■ **Problem requirements**: From the first line to the last, set down the material exactly and drop every picture.

■ **Dataset content**:
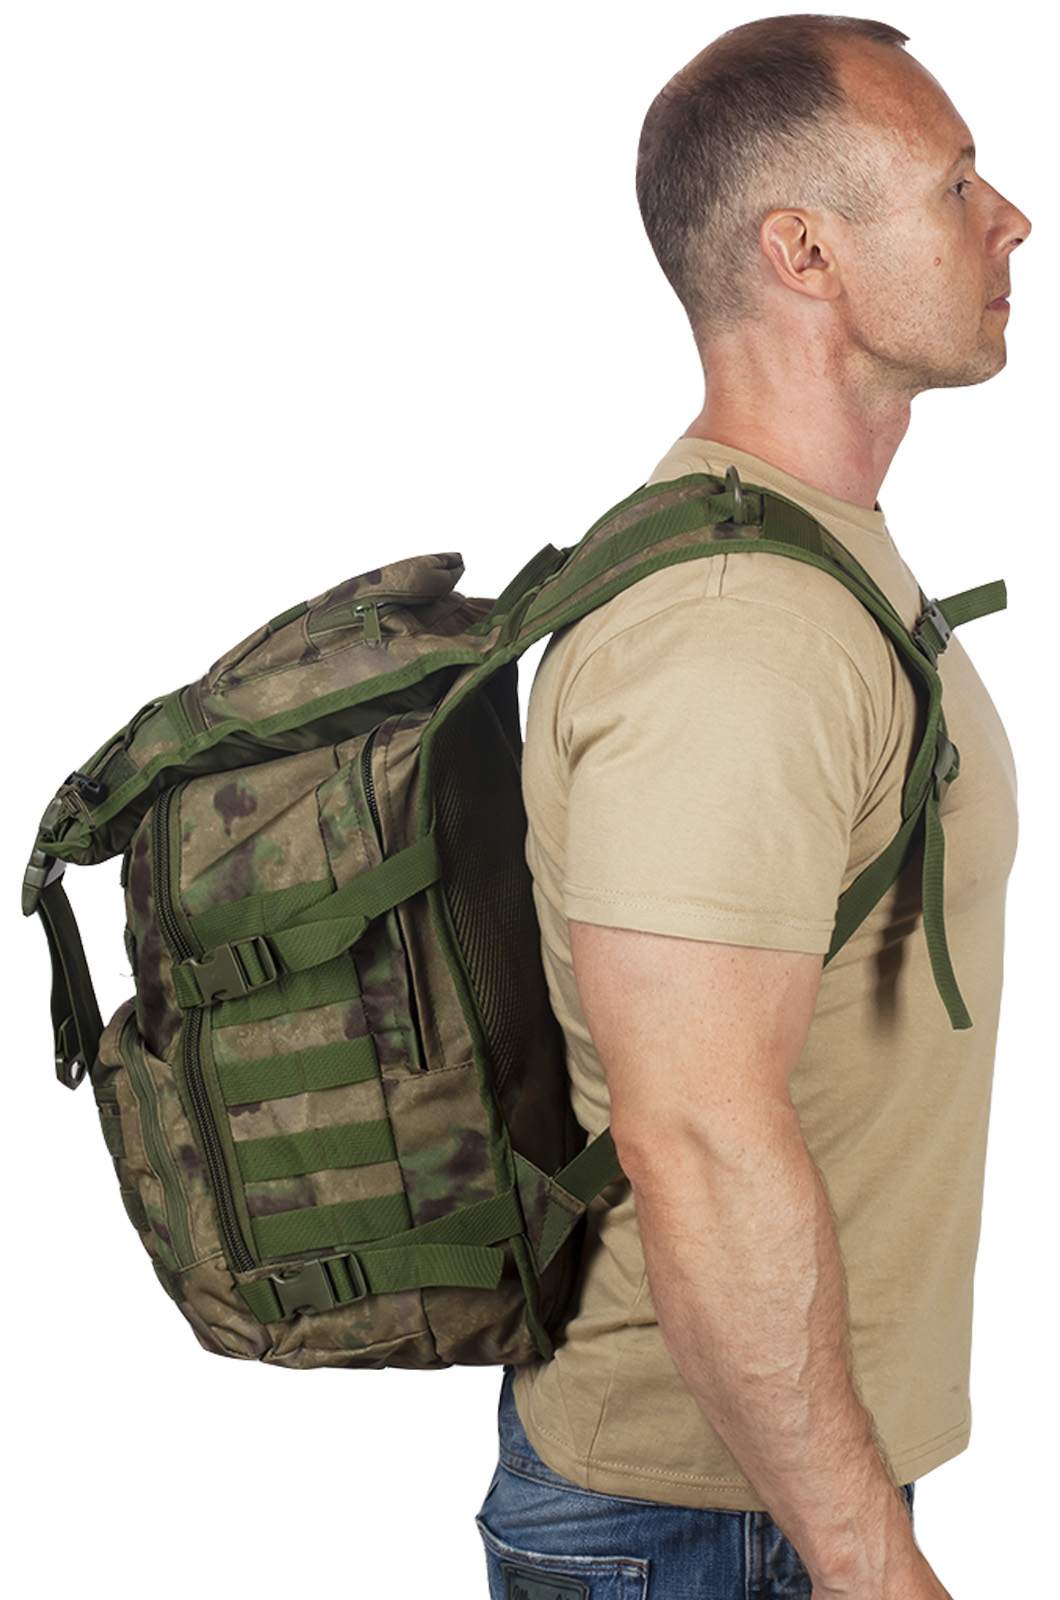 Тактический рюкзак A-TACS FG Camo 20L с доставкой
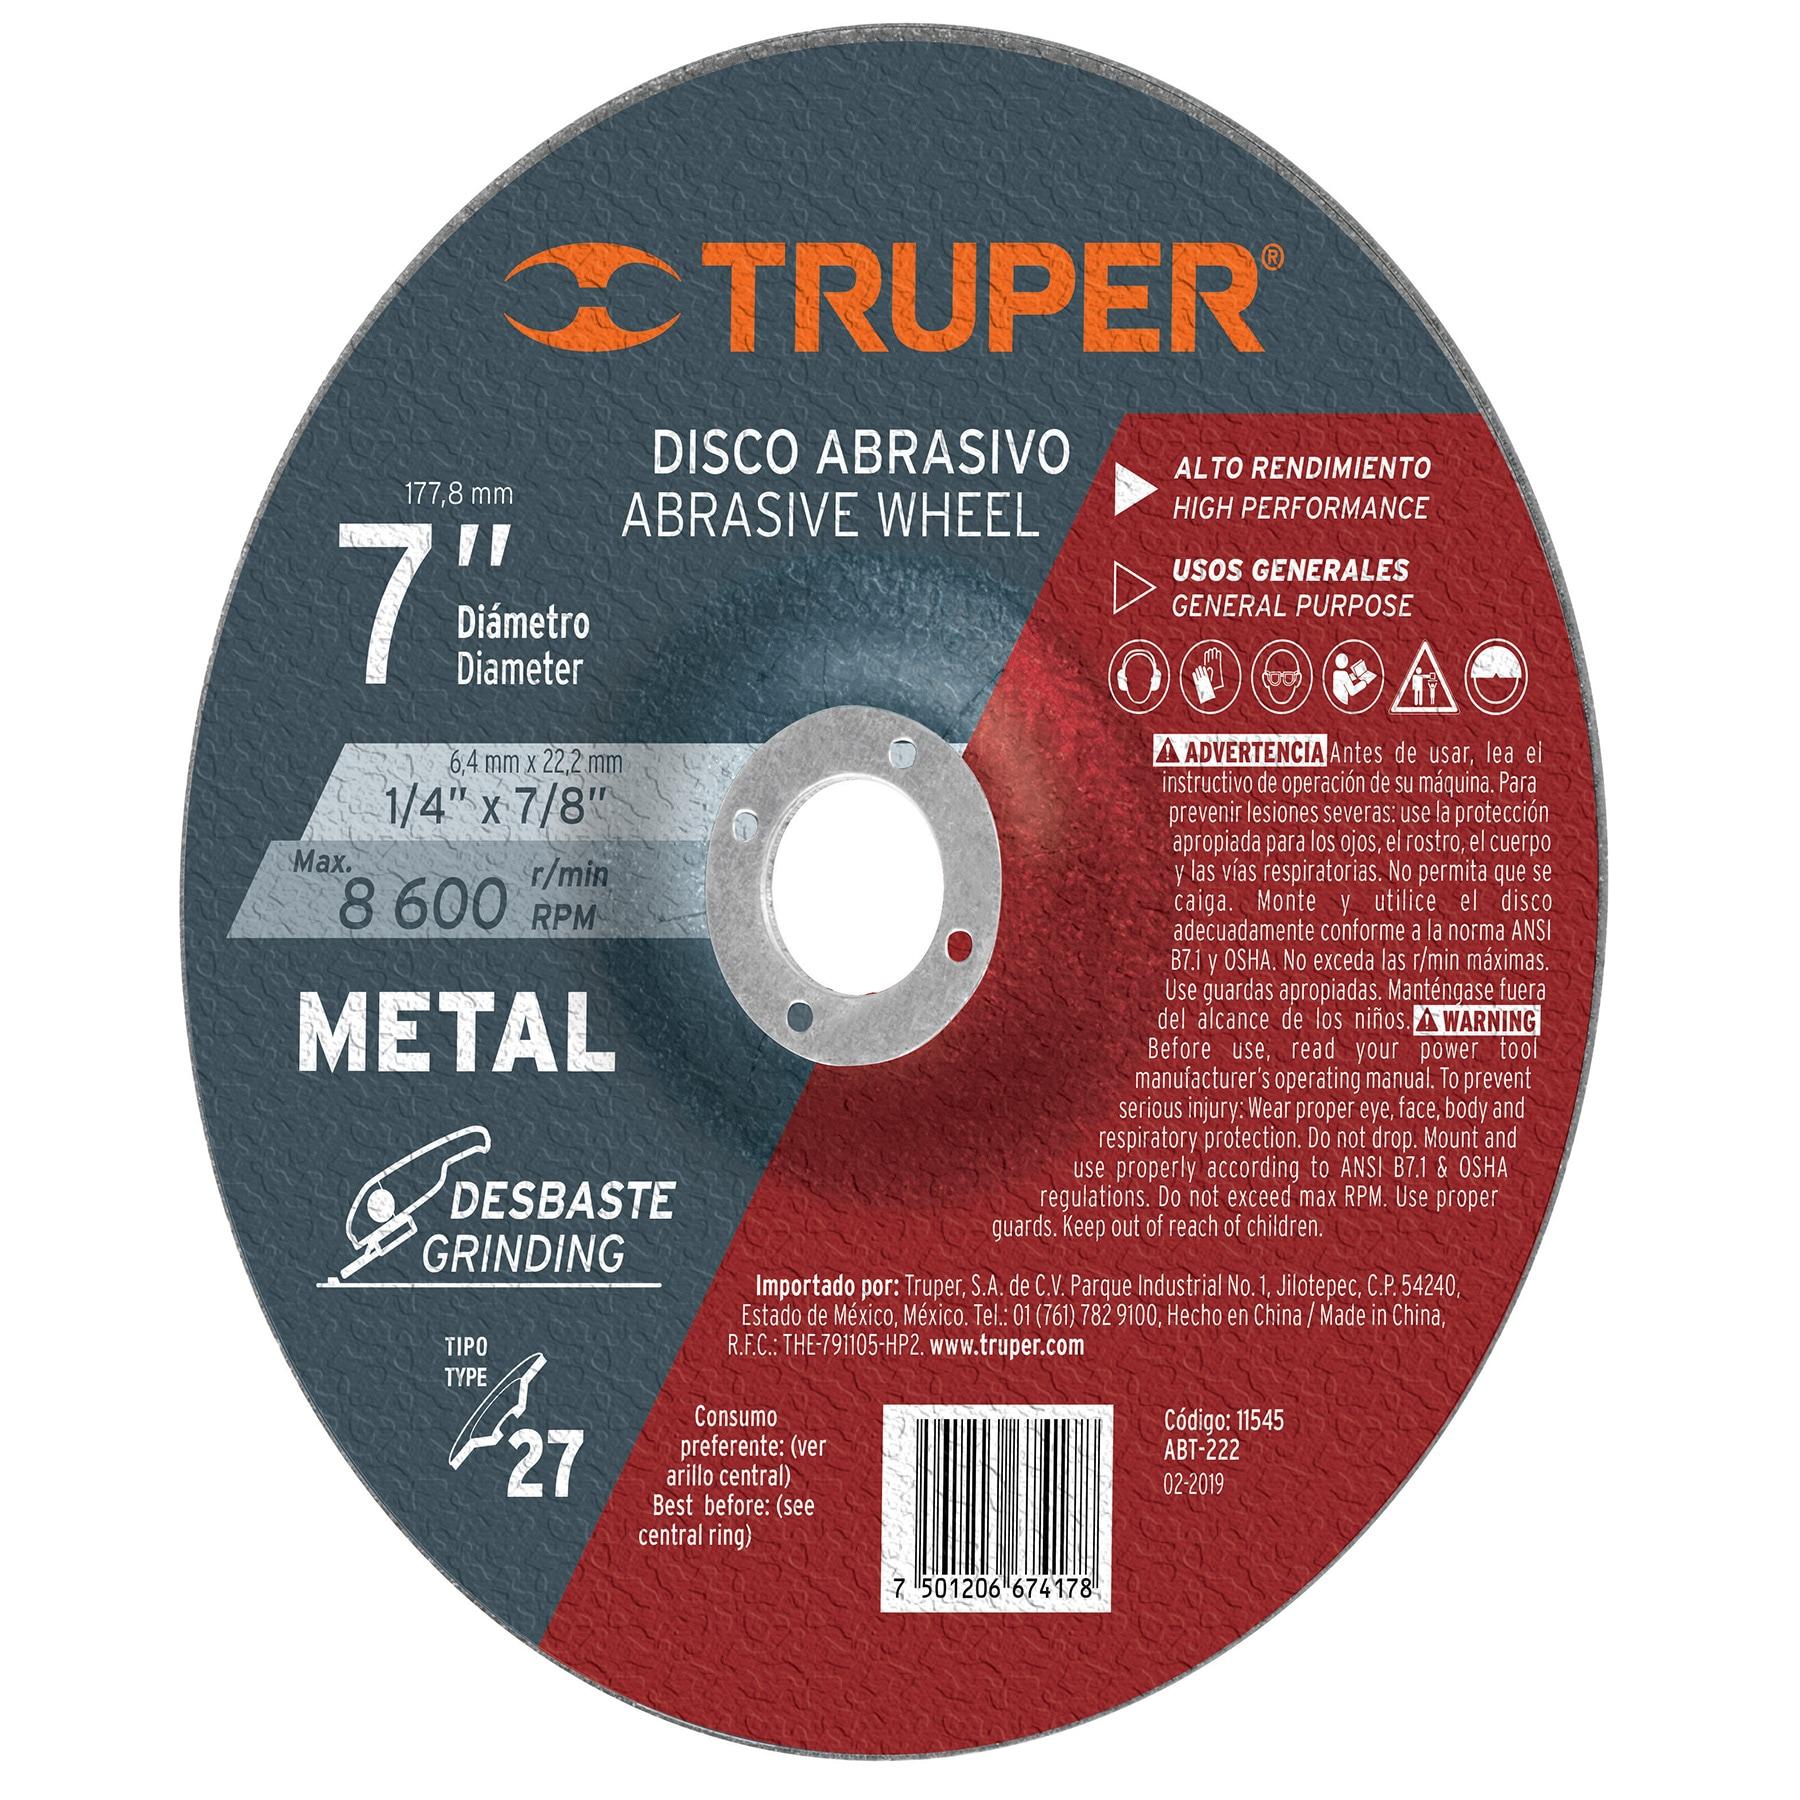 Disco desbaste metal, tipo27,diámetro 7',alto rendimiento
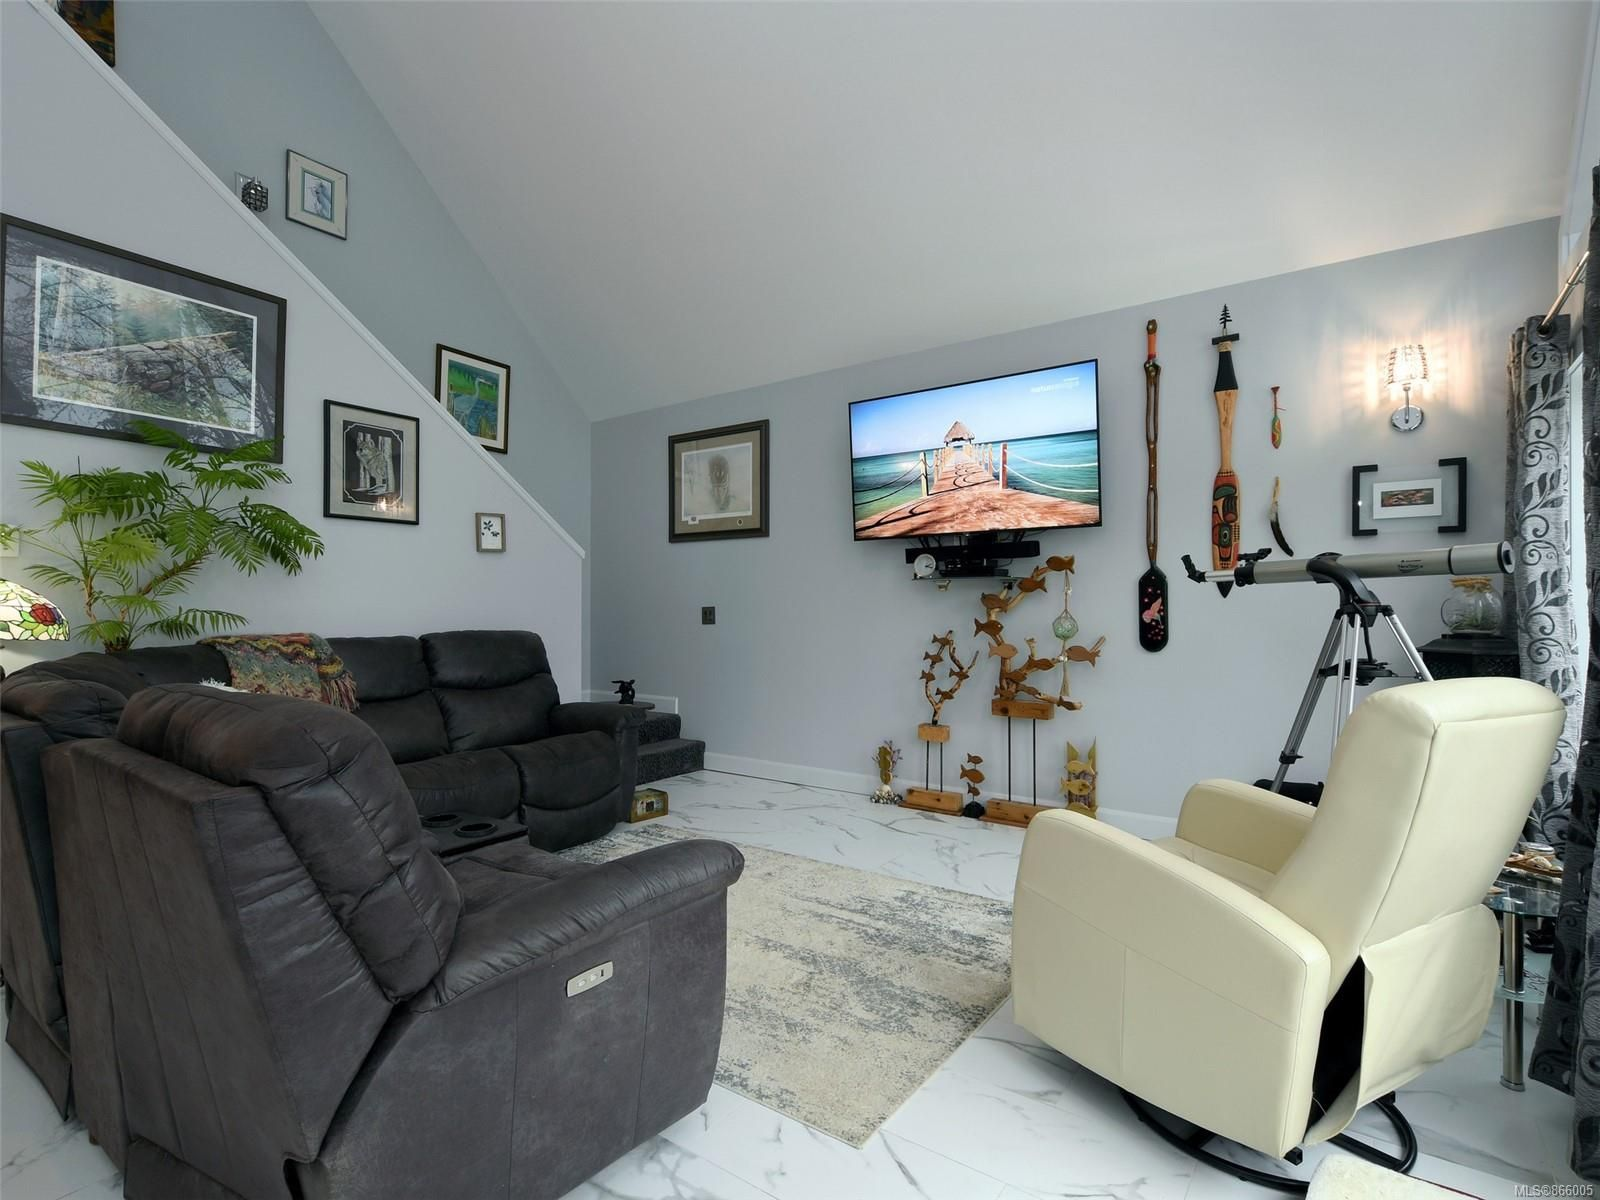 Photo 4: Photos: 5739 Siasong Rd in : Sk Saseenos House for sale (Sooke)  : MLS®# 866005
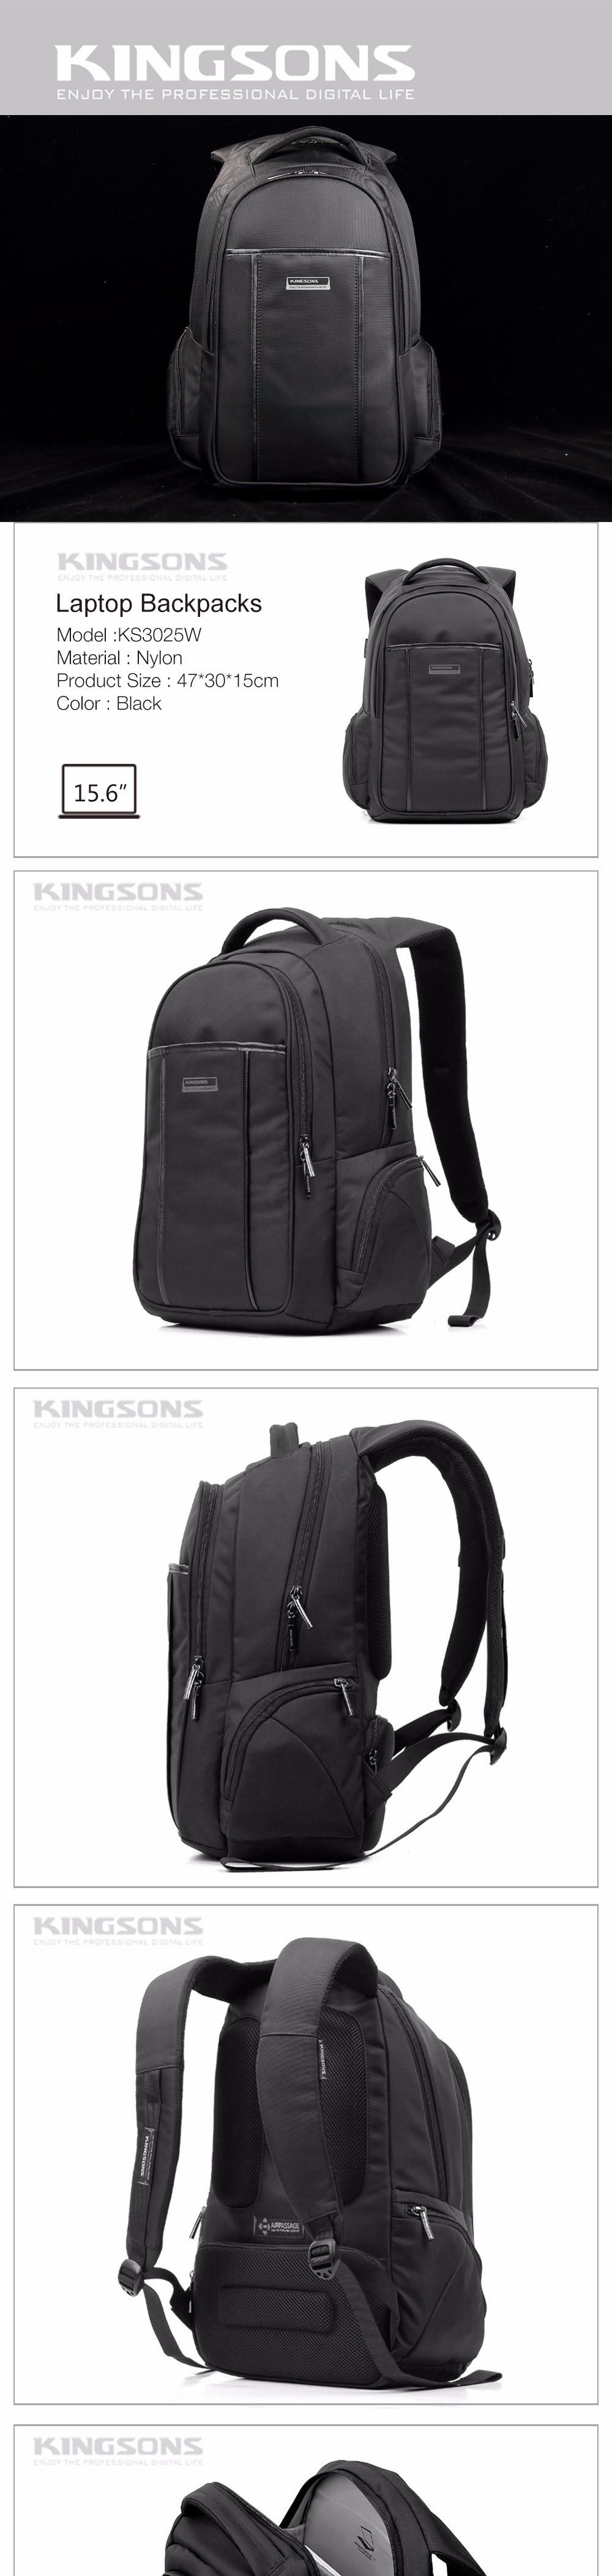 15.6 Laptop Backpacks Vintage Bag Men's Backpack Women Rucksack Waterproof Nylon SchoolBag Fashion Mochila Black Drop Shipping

■ **Written solution**:
 Тактический рюкзак A-TACS FG Camo 20L с доставкой
 Disco desbaste metal, tipo27,diámetro 7',alto rendimiento
 Photo 4: Photos: 5739 Siasong Rd in : Sk Saseenos House for sale (Sooke)  : MLS®# 866005
 15.6 Laptop Backpacks Vintage Bag Men's Backpack Women Rucksack Waterproof Nylon SchoolBag Fashion Mochila Black Drop Shipping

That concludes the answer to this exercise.